Final answer:
To solve the given problems, we need to find the definite integral of the given functions over their respective intervals. The first problem involves finding the definite integral of 3/(2x)^(2/3) from 1 to 8, which simplifies to 279/5. The second problem involves finding the definite integral of (x^7)/14 + 1/(10x^5) from 1 to 2, which simplifies to 30.1.
Step-by-step explanation:
To solve the problem 1. f(x) = 3/(2x)2/3 on [1,8], we can find the definite integral of f(x) over the interval [1,8].
- First, let's find the antiderivative of f(x). The antiderivative of xn is (1/(n+1))xn+1. Applying this rule, the antiderivative of 3/(2x)2/3 is (3/((2/3)+1))x^((2/3)+1), which simplifies to (3/(5/3))x^(5/3) or (9/5)x^(5/3).
- Next, we substitute the upper limit (8) and the lower limit (1) into the antiderivative expression and subtract the results. This gives us (9/5)(8^(5/3)) - (9/5)(1^(5/3)). Calculating further, we get (9/5)(32) - (9/5)(1), which simplifies to 288/5 - 9/5 = 279/5.
Therefore, the solution to the problem 1 is f(x) = 279/5.

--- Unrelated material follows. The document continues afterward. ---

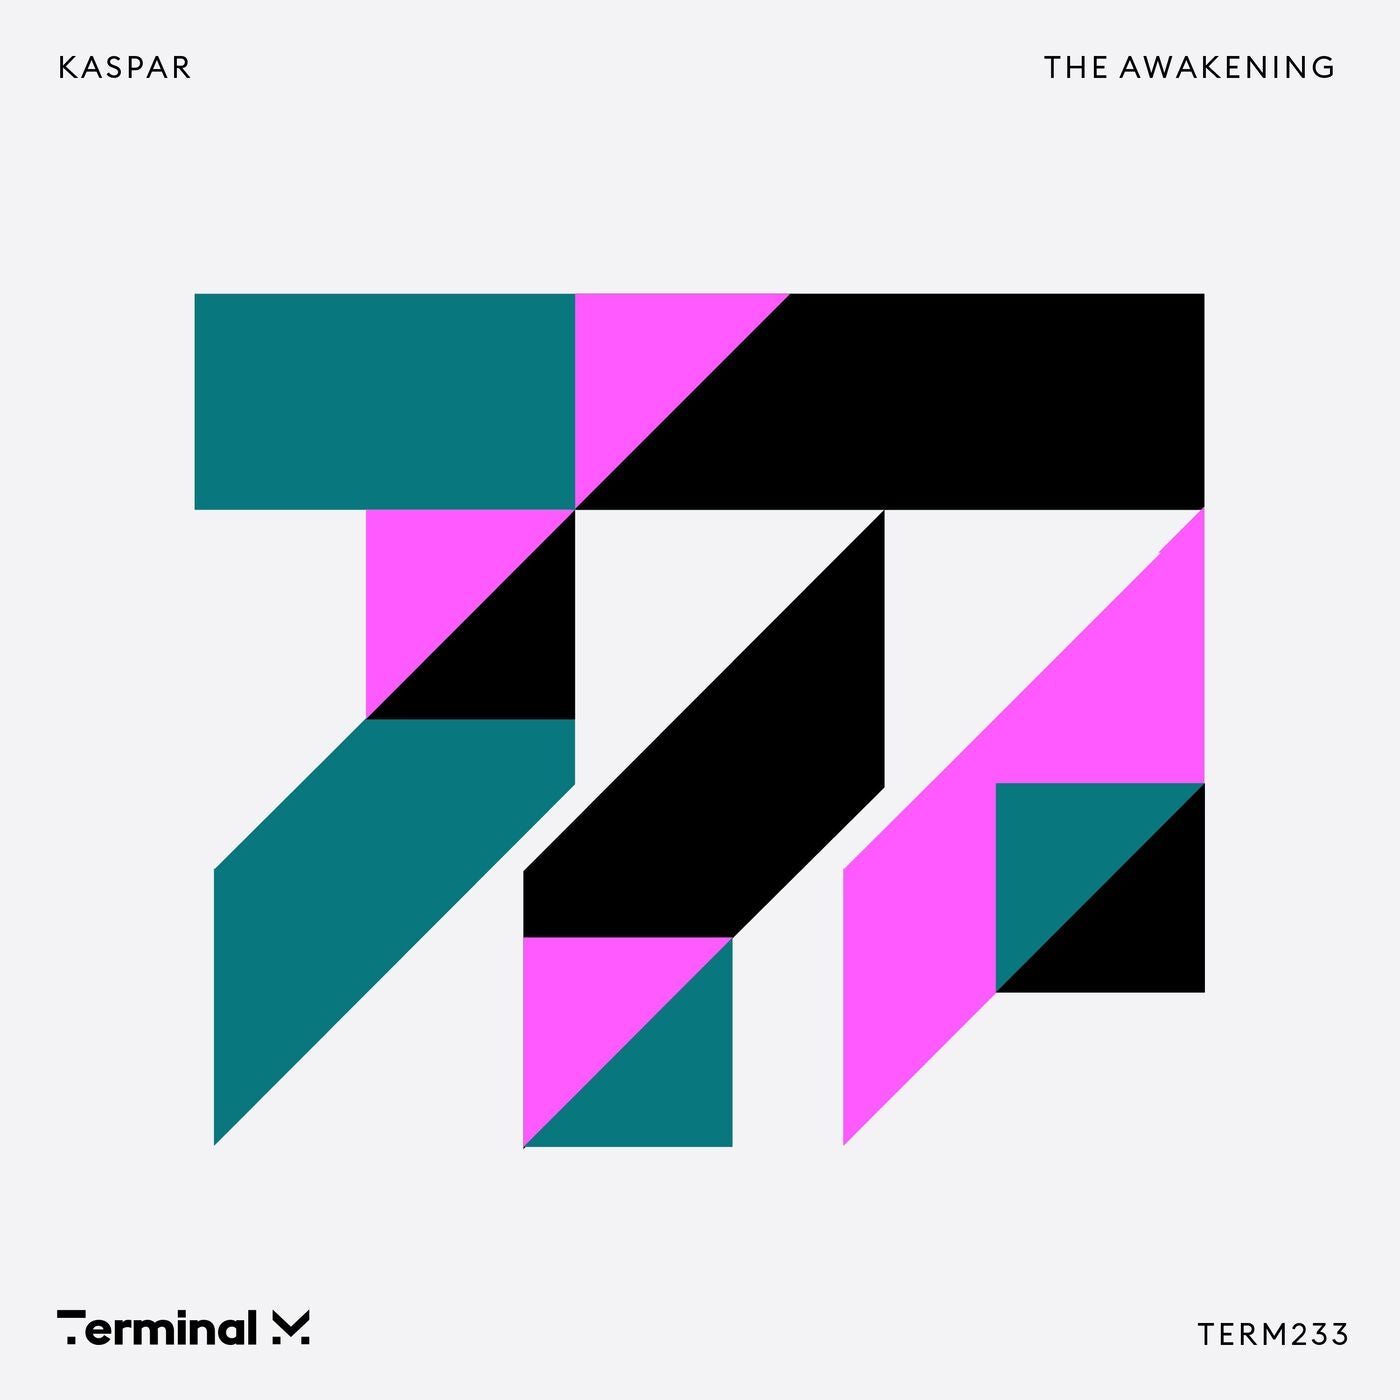 image cover: Kaspar (DE) - The Awakening on Terminal M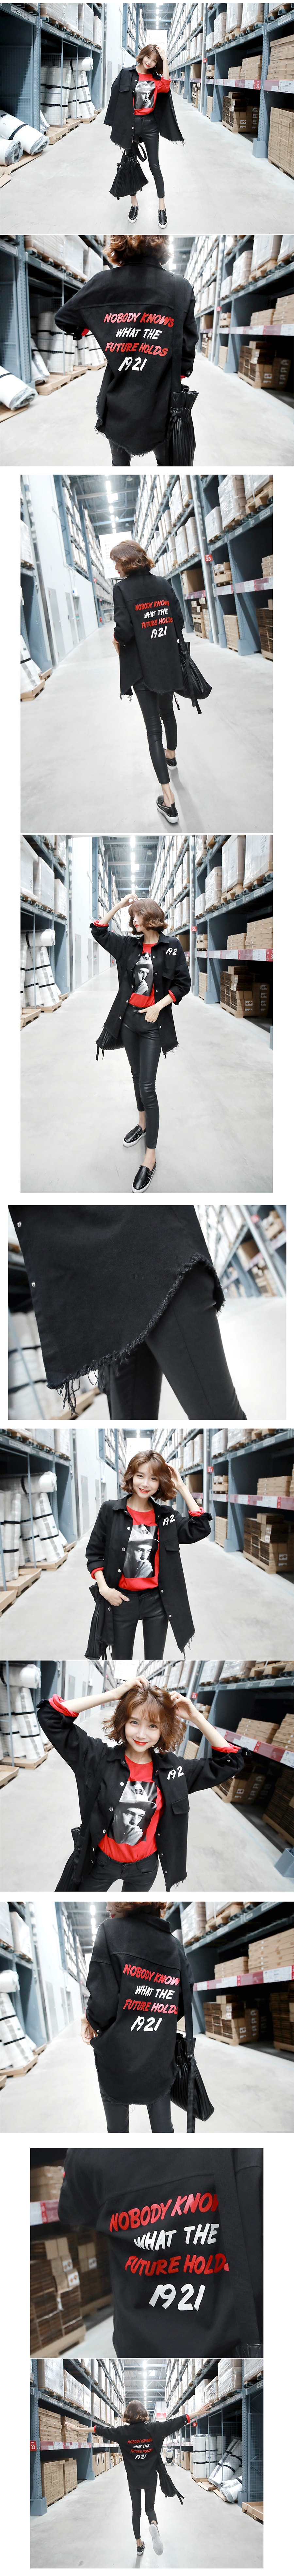 [KOREA] Oversized Back Print Vintage Jacket #Black One Size(Free) [免费配送]

For problem 2, f(x) = (x^7)/14 + 1/(10x^5) on [1,2]. Using the same approach, we find the antiderivative of f(x) to be (1/8)x^8 + (1/(-40))x^(-4), which simplifies to (1/8)x^8 - (1/40)x^(-4). Evaluating this antiderivative from 1 to 2, we get ((1/8)(2^8) - (1/40)(2^(-4))) - ((1/8)(1^8) - (1/40)(1^(-4))), which simplifies to (256/8 - 1/10) - (1/8 - 1/40) and further simplifies to 30.1.